• **REQUIREMENT**:
What's wanted here is the full listing below, repeated exactly, with no images in it.

• **DATA EXCERPT**:
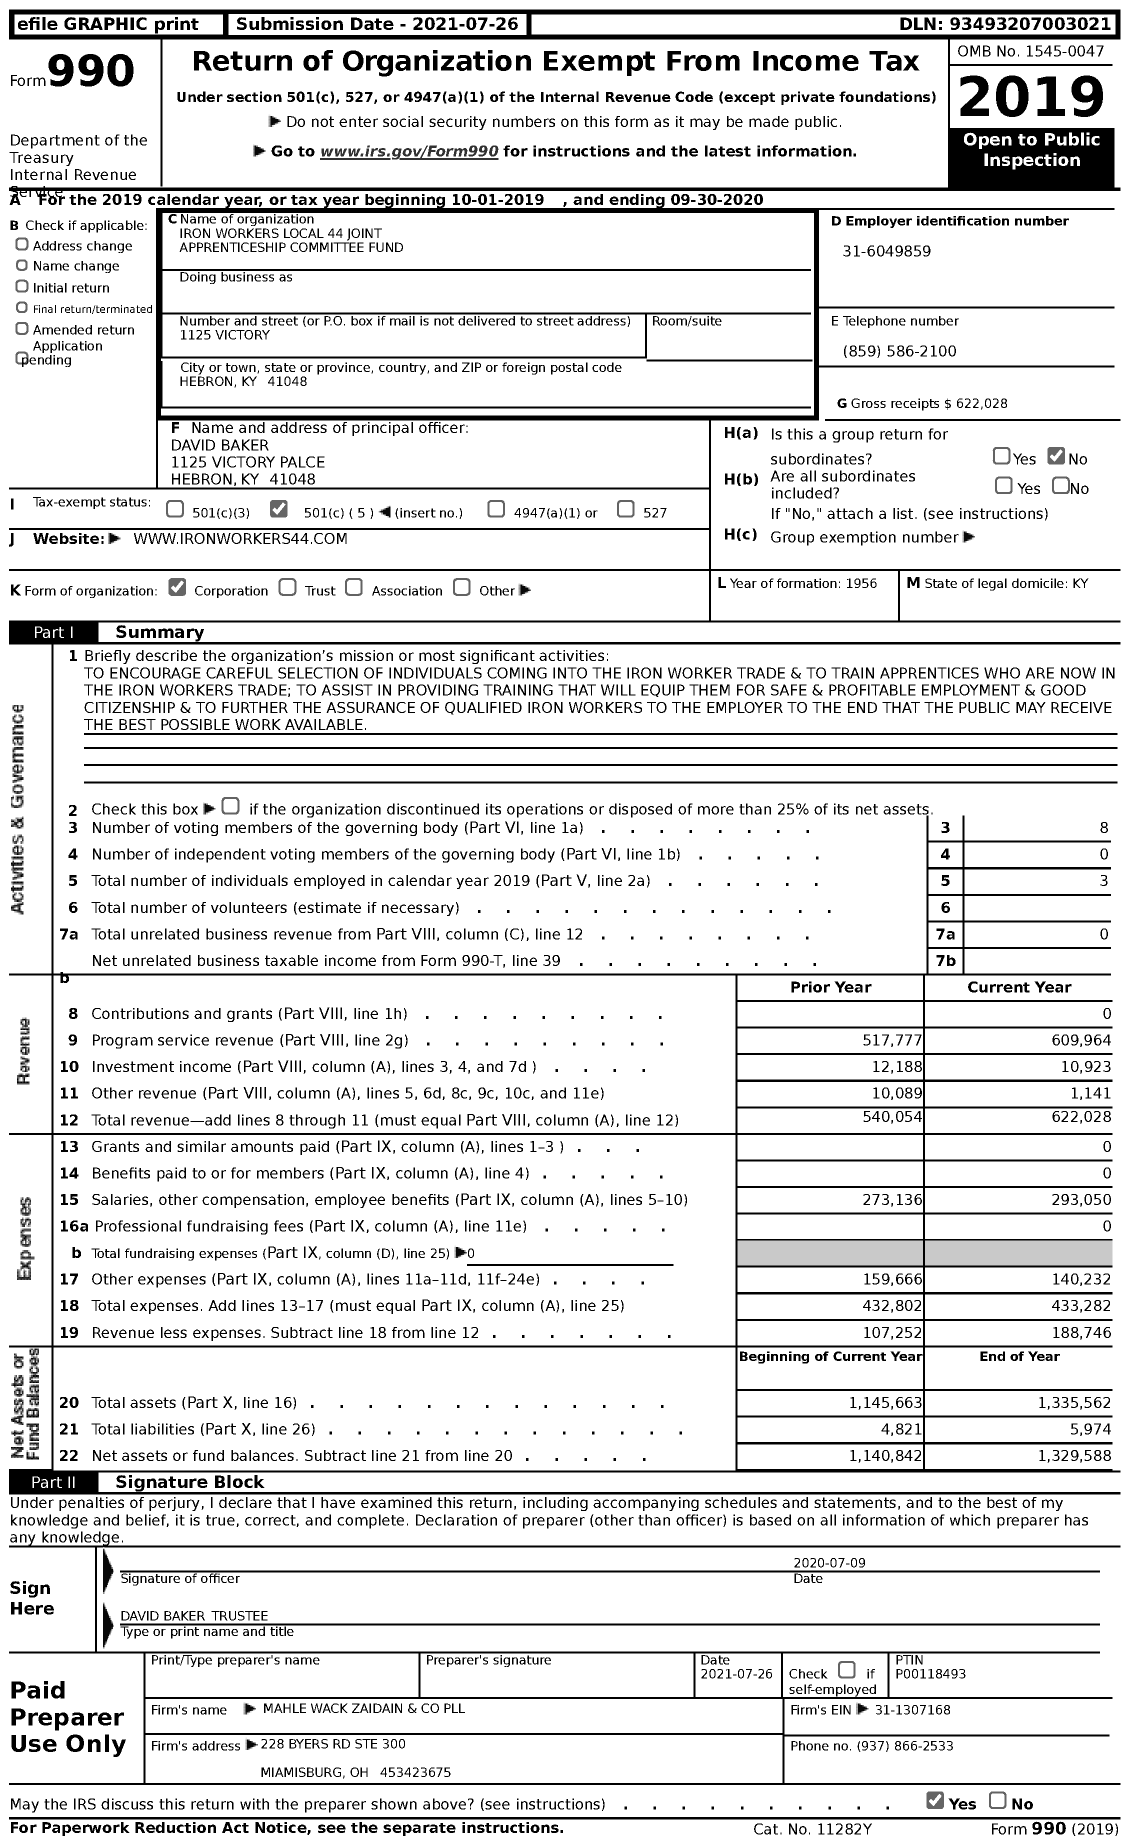 Image of first page of 2019 Form 990 for Iron Workers Local 44 Joint Apprenticeship Committee Fund
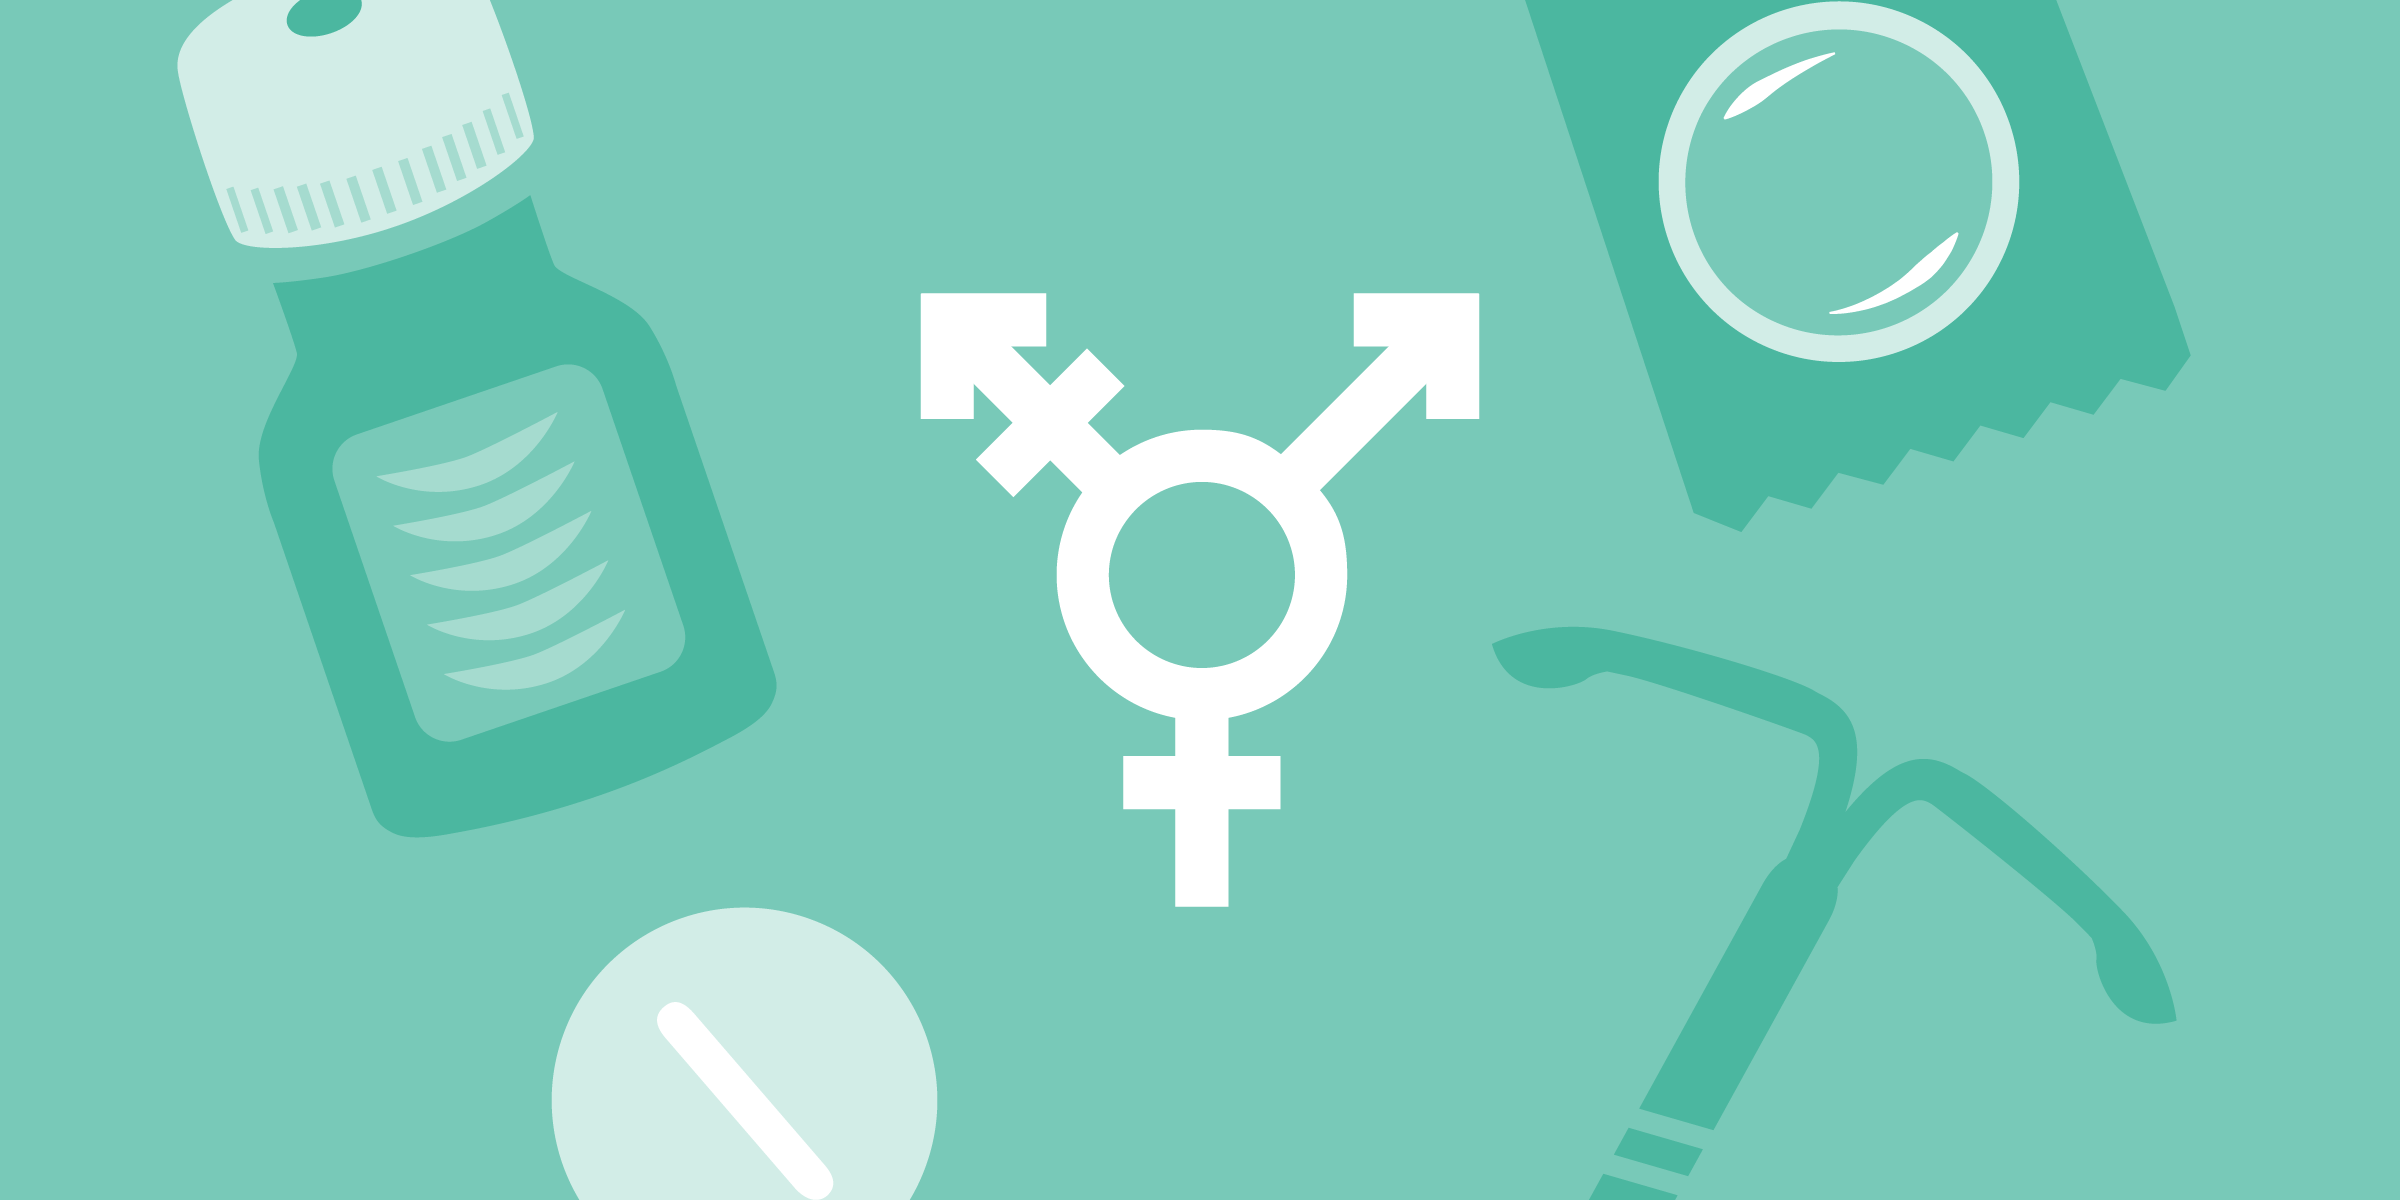 An illustration of the transgender symbol surrounded by different forms of birth control
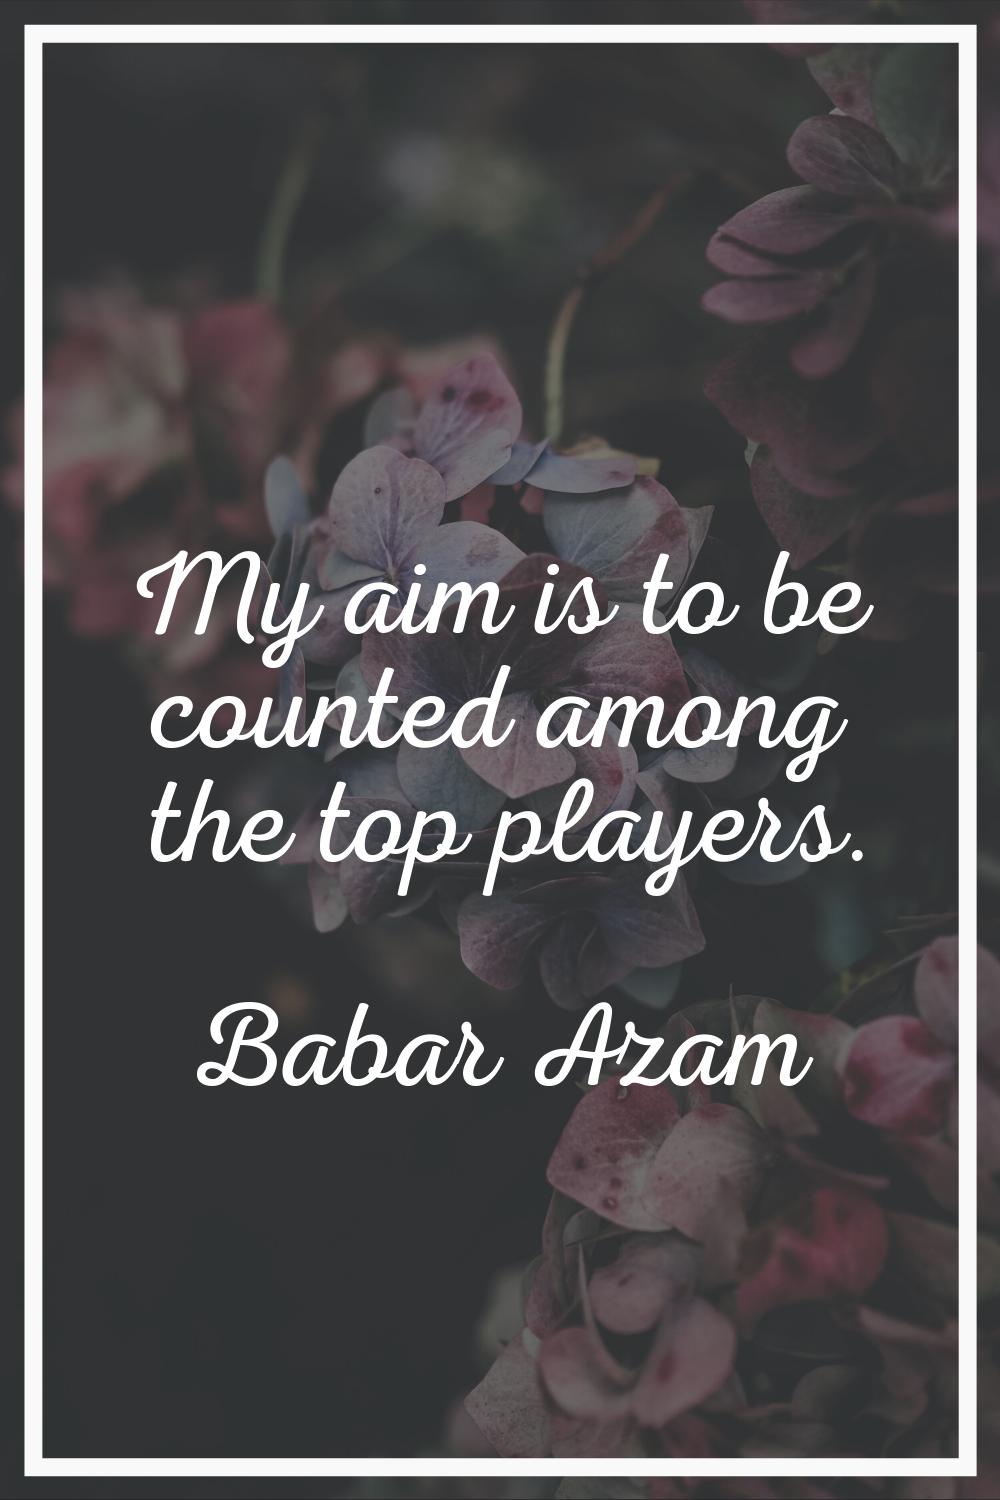 My aim is to be counted among the top players.

• **SOLUTION TO THIS EXERCISE**:
 Image of first page of 2019 Form 990 for Iron Workers Local 44 Joint Apprenticeship Committee Fund
 An illustration of the transgender symbol surrounded by different forms of birth control
 My aim is to be counted among the top players.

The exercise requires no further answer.